[EXERCISE DATA — start]
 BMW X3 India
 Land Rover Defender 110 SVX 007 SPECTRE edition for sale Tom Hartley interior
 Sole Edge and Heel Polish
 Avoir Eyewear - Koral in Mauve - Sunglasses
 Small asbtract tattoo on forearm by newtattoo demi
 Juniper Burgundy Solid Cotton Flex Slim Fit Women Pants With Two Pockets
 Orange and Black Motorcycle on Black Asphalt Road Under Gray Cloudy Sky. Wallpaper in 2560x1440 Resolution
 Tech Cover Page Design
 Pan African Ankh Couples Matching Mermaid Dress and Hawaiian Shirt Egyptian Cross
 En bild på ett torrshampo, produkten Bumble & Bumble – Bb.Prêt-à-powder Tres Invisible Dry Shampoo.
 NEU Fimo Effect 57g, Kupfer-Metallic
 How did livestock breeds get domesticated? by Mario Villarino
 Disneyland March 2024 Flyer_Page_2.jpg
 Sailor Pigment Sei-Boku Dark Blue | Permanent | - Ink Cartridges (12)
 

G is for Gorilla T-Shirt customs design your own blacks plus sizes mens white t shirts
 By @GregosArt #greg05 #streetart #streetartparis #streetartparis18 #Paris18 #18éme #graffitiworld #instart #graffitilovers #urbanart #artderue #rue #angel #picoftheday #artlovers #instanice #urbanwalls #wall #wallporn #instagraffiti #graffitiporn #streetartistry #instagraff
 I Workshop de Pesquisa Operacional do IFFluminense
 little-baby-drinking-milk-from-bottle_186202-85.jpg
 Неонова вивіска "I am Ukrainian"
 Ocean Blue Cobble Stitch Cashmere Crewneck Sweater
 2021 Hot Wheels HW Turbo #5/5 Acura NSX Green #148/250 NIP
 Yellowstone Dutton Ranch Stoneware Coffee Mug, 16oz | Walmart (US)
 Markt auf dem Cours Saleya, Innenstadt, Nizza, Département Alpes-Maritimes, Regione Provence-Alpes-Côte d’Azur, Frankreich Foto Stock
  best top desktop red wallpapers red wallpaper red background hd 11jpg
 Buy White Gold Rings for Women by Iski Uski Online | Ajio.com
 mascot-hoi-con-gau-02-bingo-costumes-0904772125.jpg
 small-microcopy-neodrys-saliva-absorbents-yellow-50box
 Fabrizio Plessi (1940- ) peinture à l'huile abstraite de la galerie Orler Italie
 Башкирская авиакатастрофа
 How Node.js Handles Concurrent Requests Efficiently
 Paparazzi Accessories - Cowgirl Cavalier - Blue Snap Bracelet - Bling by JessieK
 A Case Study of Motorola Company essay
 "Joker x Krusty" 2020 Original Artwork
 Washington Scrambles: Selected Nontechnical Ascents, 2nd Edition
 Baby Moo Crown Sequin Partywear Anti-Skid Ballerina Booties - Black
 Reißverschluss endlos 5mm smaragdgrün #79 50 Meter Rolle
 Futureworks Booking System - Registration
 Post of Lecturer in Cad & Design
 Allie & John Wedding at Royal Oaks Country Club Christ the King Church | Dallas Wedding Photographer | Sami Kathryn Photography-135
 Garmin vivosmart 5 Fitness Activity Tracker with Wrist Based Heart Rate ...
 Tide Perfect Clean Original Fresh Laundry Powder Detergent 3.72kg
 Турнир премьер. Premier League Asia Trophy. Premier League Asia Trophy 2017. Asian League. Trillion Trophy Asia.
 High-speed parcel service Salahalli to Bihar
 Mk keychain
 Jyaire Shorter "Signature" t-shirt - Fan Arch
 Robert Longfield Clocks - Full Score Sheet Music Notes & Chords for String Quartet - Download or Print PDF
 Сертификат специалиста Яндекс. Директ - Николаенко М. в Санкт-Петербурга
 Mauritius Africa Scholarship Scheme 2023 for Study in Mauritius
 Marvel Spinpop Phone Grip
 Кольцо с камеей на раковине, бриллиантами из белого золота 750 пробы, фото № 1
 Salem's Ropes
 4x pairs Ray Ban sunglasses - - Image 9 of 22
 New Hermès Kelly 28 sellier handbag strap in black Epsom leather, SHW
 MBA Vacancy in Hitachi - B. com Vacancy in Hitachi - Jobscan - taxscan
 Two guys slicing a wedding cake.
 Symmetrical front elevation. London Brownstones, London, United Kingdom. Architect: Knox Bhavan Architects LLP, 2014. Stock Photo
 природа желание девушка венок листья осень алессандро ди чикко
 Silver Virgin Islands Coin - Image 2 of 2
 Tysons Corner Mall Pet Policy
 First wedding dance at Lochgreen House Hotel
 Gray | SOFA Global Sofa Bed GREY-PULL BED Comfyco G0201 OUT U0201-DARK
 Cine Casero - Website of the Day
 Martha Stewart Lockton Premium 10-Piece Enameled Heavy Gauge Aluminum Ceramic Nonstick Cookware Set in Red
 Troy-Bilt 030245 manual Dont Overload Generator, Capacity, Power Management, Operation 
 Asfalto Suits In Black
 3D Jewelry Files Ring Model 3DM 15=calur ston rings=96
[EXERCISE DATA — finish]
**TASK DESCRIPTION:** In this exercise, you retype all of the data exactly as it appears above.

**WRITTEN RESPONSE:**
 BMW X3 India
 Land Rover Defender 110 SVX 007 SPECTRE edition for sale Tom Hartley interior
 Sole Edge and Heel Polish
 Avoir Eyewear - Koral in Mauve - Sunglasses
 Small asbtract tattoo on forearm by newtattoo demi
 Juniper Burgundy Solid Cotton Flex Slim Fit Women Pants With Two Pockets
 Orange and Black Motorcycle on Black Asphalt Road Under Gray Cloudy Sky. Wallpaper in 2560x1440 Resolution
 Tech Cover Page Design
 Pan African Ankh Couples Matching Mermaid Dress and Hawaiian Shirt Egyptian Cross
 En bild på ett torrshampo, produkten Bumble & Bumble – Bb.Prêt-à-powder Tres Invisible Dry Shampoo.
 NEU Fimo Effect 57g, Kupfer-Metallic
 How did livestock breeds get domesticated? by Mario Villarino
 Disneyland March 2024 Flyer_Page_2.jpg
 Sailor Pigment Sei-Boku Dark Blue | Permanent | - Ink Cartridges (12)
 

G is for Gorilla T-Shirt customs design your own blacks plus sizes mens white t shirts
 By @GregosArt #greg05 #streetart #streetartparis #streetartparis18 #Paris18 #18éme #graffitiworld #instart #graffitilovers #urbanart #artderue #rue #angel #picoftheday #artlovers #instanice #urbanwalls #wall #wallporn #instagraffiti #graffitiporn #streetartistry #instagraff
 I Workshop de Pesquisa Operacional do IFFluminense
 little-baby-drinking-milk-from-bottle_186202-85.jpg
 Неонова вивіска "I am Ukrainian"
 Ocean Blue Cobble Stitch Cashmere Crewneck Sweater
 2021 Hot Wheels HW Turbo #5/5 Acura NSX Green #148/250 NIP
 Yellowstone Dutton Ranch Stoneware Coffee Mug, 16oz | Walmart (US)
 Markt auf dem Cours Saleya, Innenstadt, Nizza, Département Alpes-Maritimes, Regione Provence-Alpes-Côte d’Azur, Frankreich Foto Stock
  best top desktop red wallpapers red wallpaper red background hd 11jpg
 Buy White Gold Rings for Women by Iski Uski Online | Ajio.com
 mascot-hoi-con-gau-02-bingo-costumes-0904772125.jpg
 small-microcopy-neodrys-saliva-absorbents-yellow-50box
 Fabrizio Plessi (1940- ) peinture à l'huile abstraite de la galerie Orler Italie
 Башкирская авиакатастрофа
 How Node.js Handles Concurrent Requests Efficiently
 Paparazzi Accessories - Cowgirl Cavalier - Blue Snap Bracelet - Bling by JessieK
 A Case Study of Motorola Company essay
 "Joker x Krusty" 2020 Original Artwork
 Washington Scrambles: Selected Nontechnical Ascents, 2nd Edition
 Baby Moo Crown Sequin Partywear Anti-Skid Ballerina Booties - Black
 Reißverschluss endlos 5mm smaragdgrün #79 50 Meter Rolle
 Futureworks Booking System - Registration
 Post of Lecturer in Cad & Design
 Allie & John Wedding at Royal Oaks Country Club Christ the King Church | Dallas Wedding Photographer | Sami Kathryn Photography-135
 Garmin vivosmart 5 Fitness Activity Tracker with Wrist Based Heart Rate ...
 Tide Perfect Clean Original Fresh Laundry Powder Detergent 3.72kg
 Турнир премьер. Premier League Asia Trophy. Premier League Asia Trophy 2017. Asian League. Trillion Trophy Asia.
 High-speed parcel service Salahalli to Bihar
 Mk keychain
 Jyaire Shorter "Signature" t-shirt - Fan Arch
 Robert Longfield Clocks - Full Score Sheet Music Notes & Chords for String Quartet - Download or Print PDF
 Сертификат специалиста Яндекс. Директ - Николаенко М. в Санкт-Петербурга
 Mauritius Africa Scholarship Scheme 2023 for Study in Mauritius
 Marvel Spinpop Phone Grip
 Кольцо с камеей на раковине, бриллиантами из белого золота 750 пробы, фото № 1
 Salem's Ropes
 4x pairs Ray Ban sunglasses - - Image 9 of 22
 New Hermès Kelly 28 sellier handbag strap in black Epsom leather, SHW
 MBA Vacancy in Hitachi - B. com Vacancy in Hitachi - Jobscan - taxscan
 Two guys slicing a wedding cake.
 Symmetrical front elevation. London Brownstones, London, United Kingdom. Architect: Knox Bhavan Architects LLP, 2014. Stock Photo
 природа желание девушка венок листья осень алессандро ди чикко
 Silver Virgin Islands Coin - Image 2 of 2
 Tysons Corner Mall Pet Policy
 First wedding dance at Lochgreen House Hotel
 Gray | SOFA Global Sofa Bed GREY-PULL BED Comfyco G0201 OUT U0201-DARK
 Cine Casero - Website of the Day
 Martha Stewart Lockton Premium 10-Piece Enameled Heavy Gauge Aluminum Ceramic Nonstick Cookware Set in Red
 Troy-Bilt 030245 manual Dont Overload Generator, Capacity, Power Management, Operation 
 Asfalto Suits In Black
 3D Jewelry Files Ring Model 3DM 15=calur ston rings=96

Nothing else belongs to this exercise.